Please repeat, exactly and without pictures, the lines of the entries below that run from the one containing "Cadaveria The Woman Who Fell to Earth" through the one containing "Kerstmarkt in Düsseldorf, Duitsland".

LISTED ENTRIES:
--- START ---
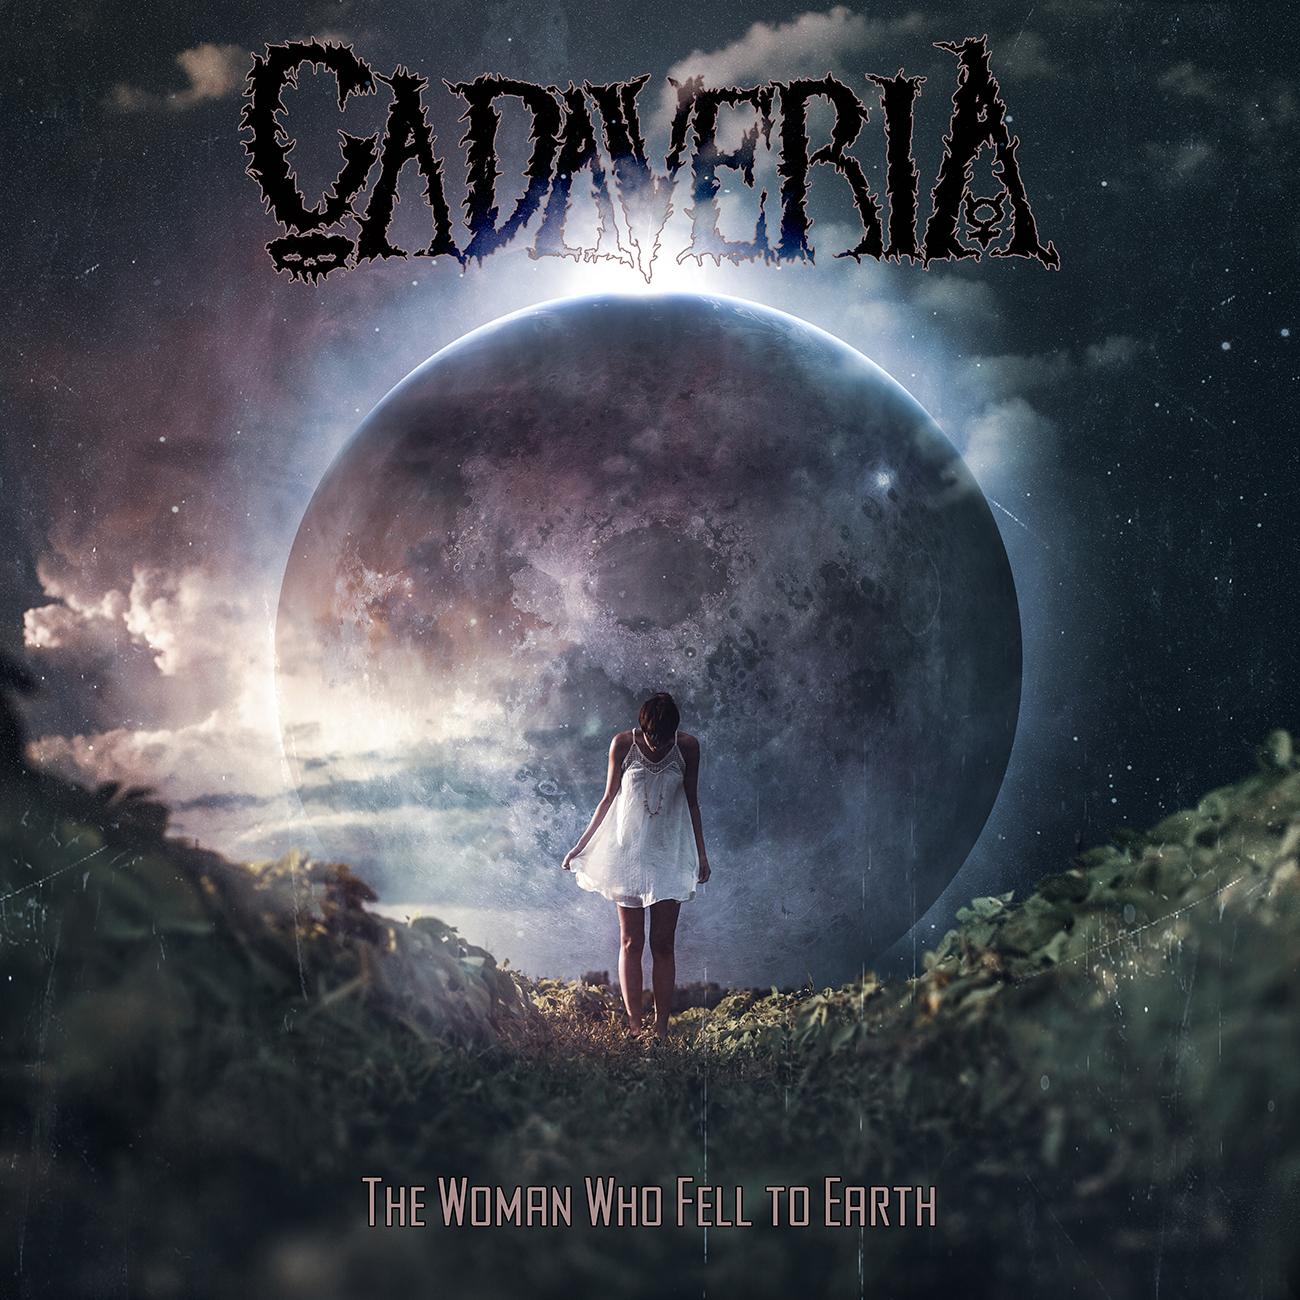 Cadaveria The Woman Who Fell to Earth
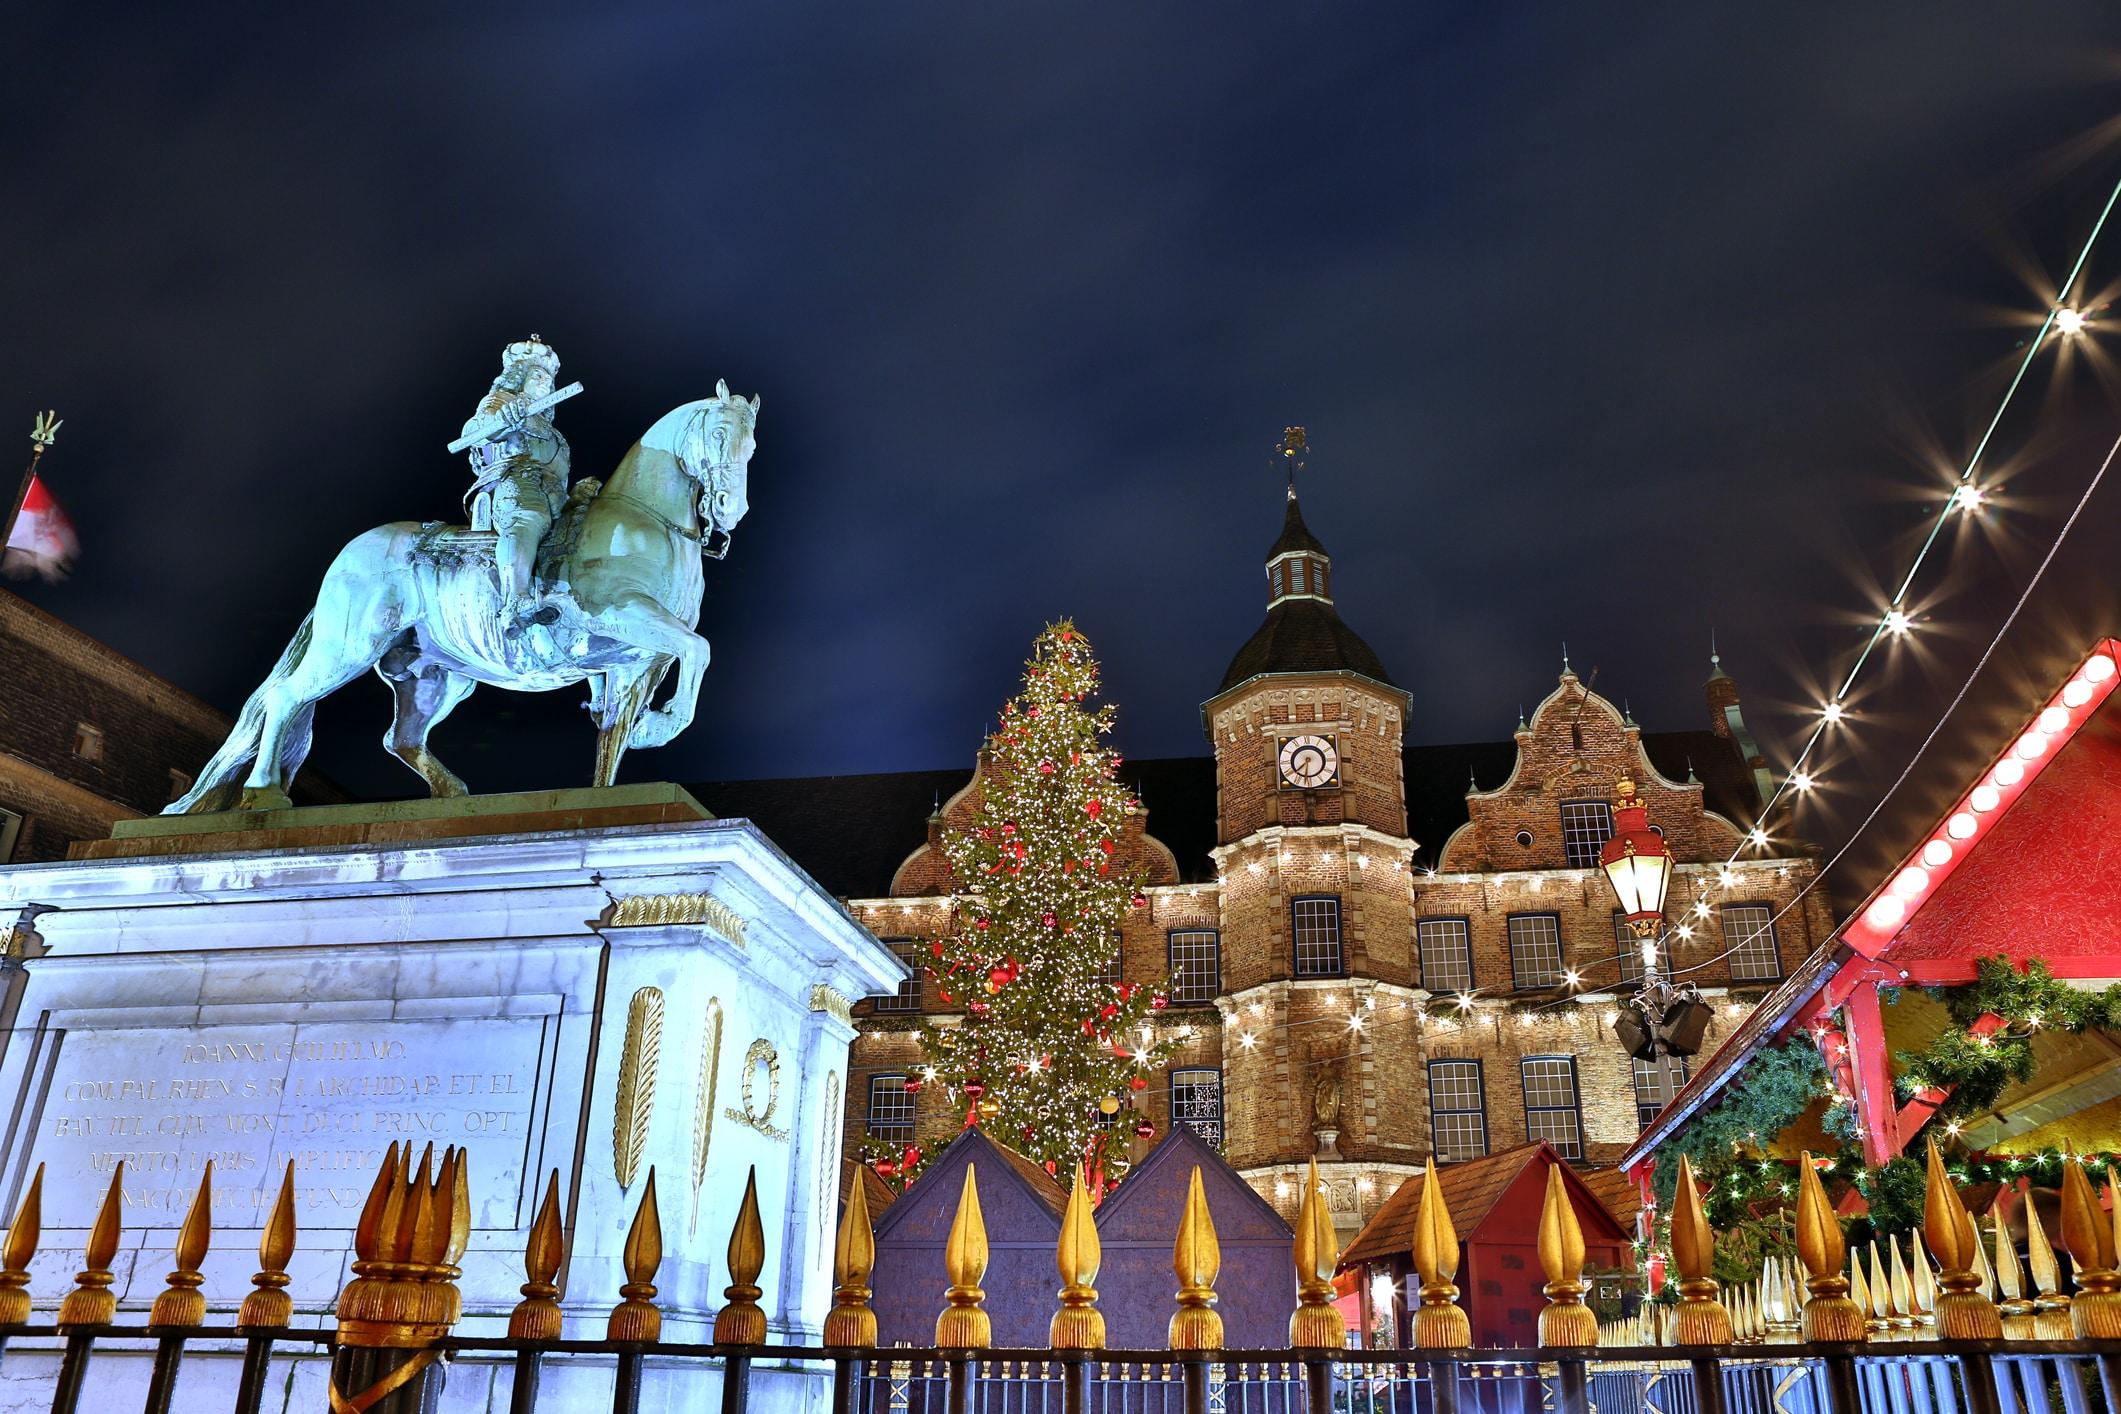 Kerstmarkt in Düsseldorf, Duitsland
--- END ---
--- START ---
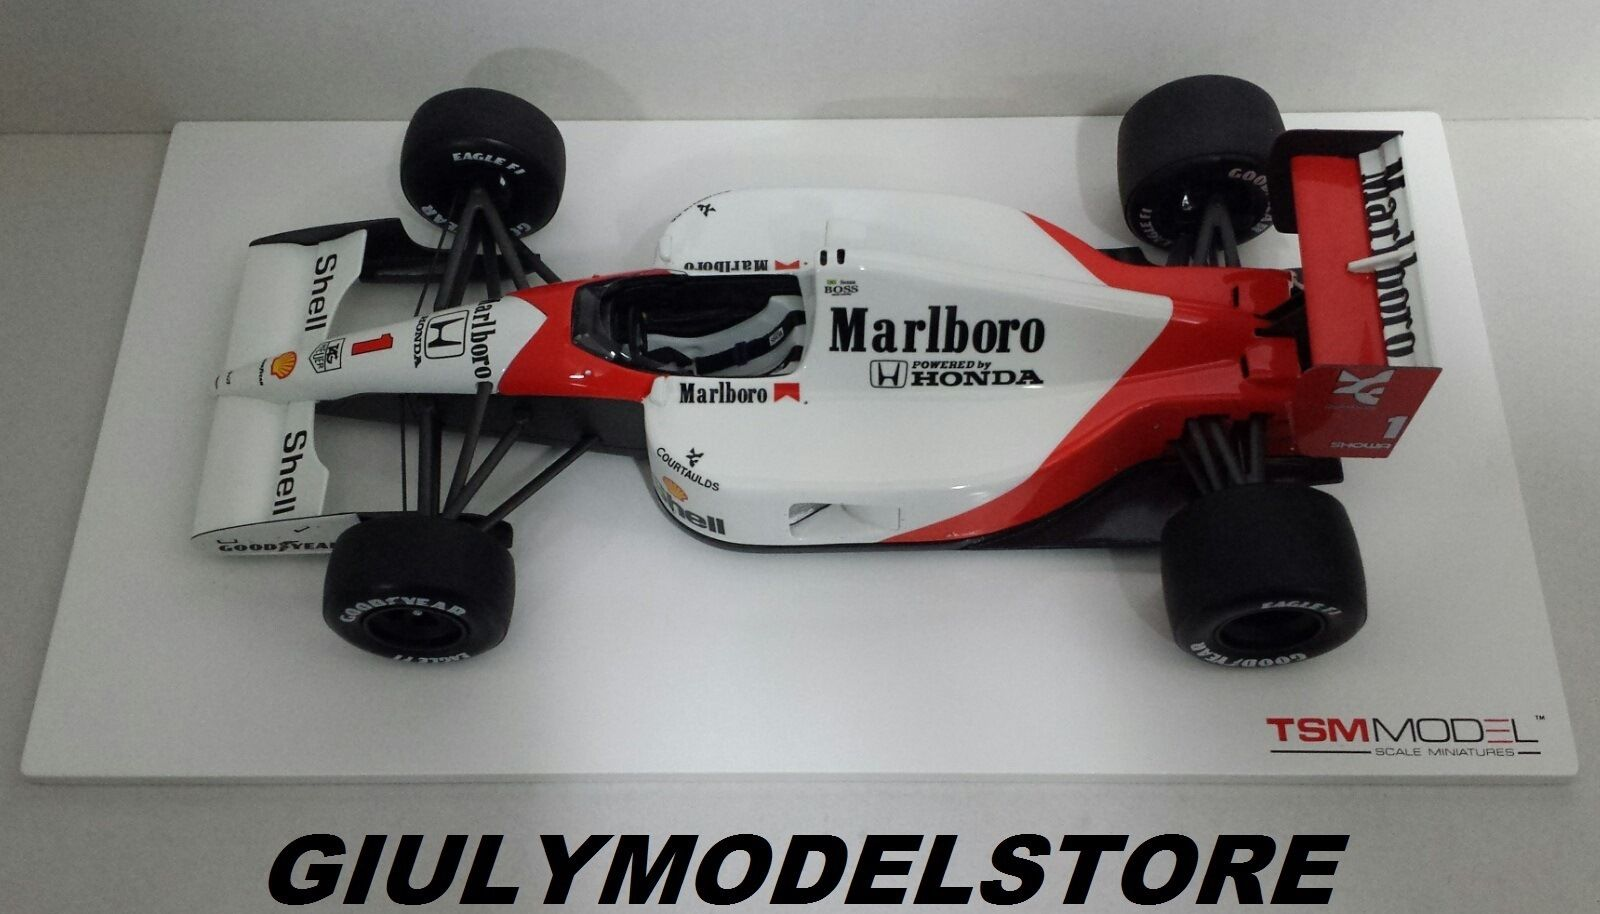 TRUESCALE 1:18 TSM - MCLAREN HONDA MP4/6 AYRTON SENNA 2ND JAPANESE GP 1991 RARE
--- END ---
--- START ---
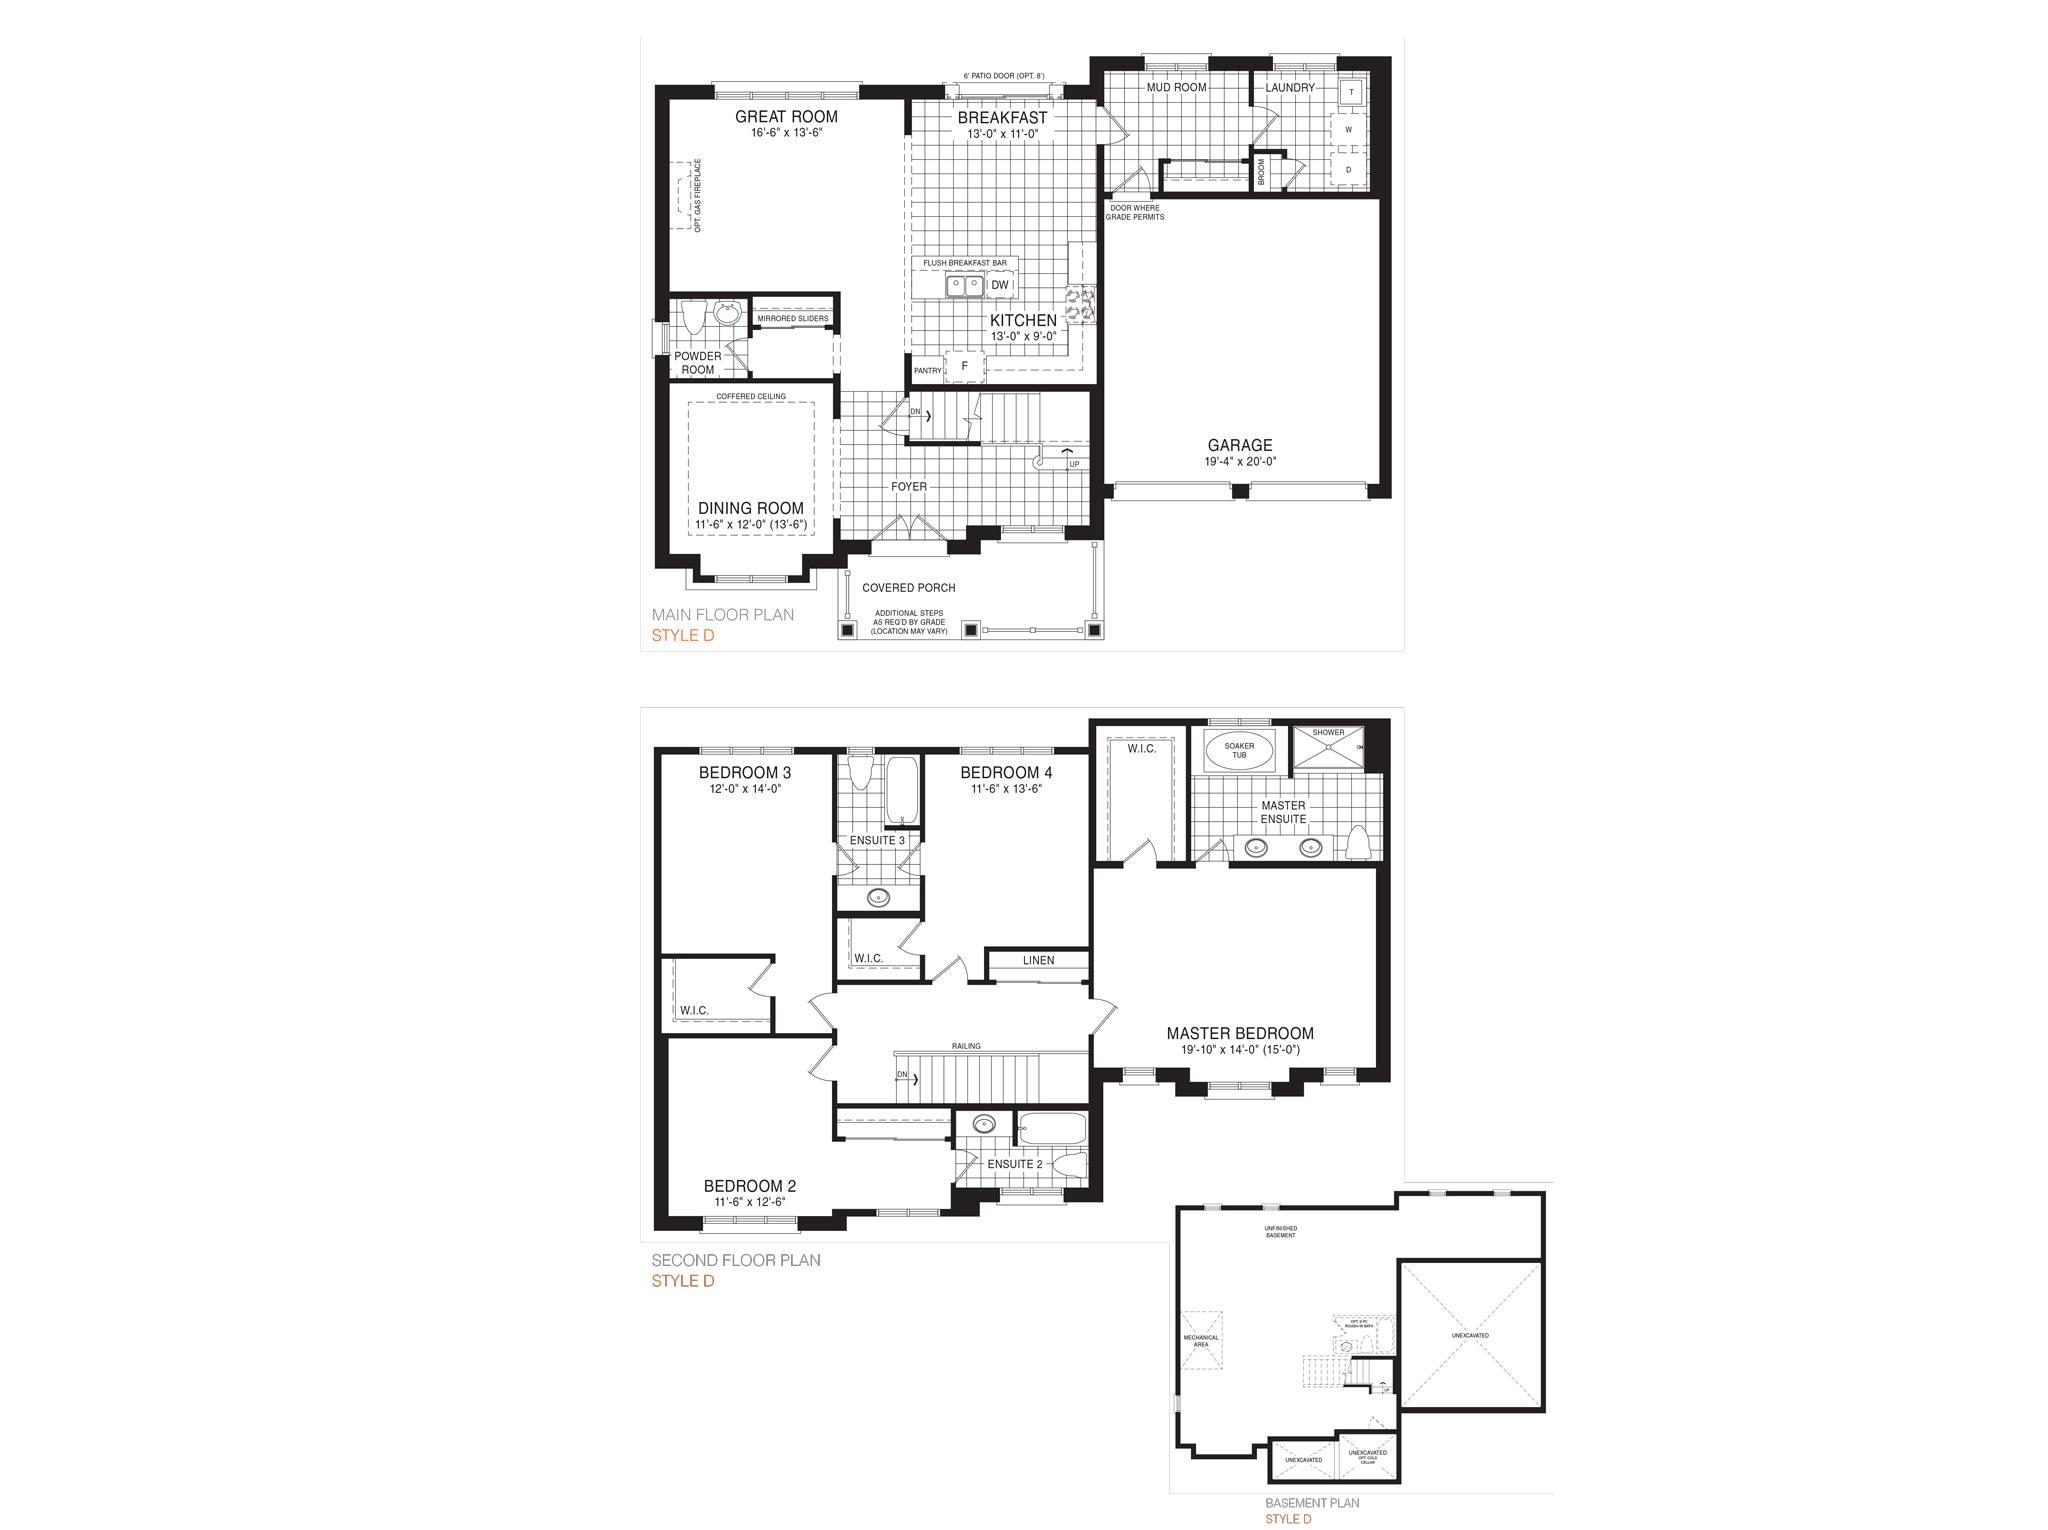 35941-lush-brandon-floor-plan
--- END ---
SOLUTION:
 Cadaveria The Woman Who Fell to Earth
 Kerstmarkt in Düsseldorf, Duitsland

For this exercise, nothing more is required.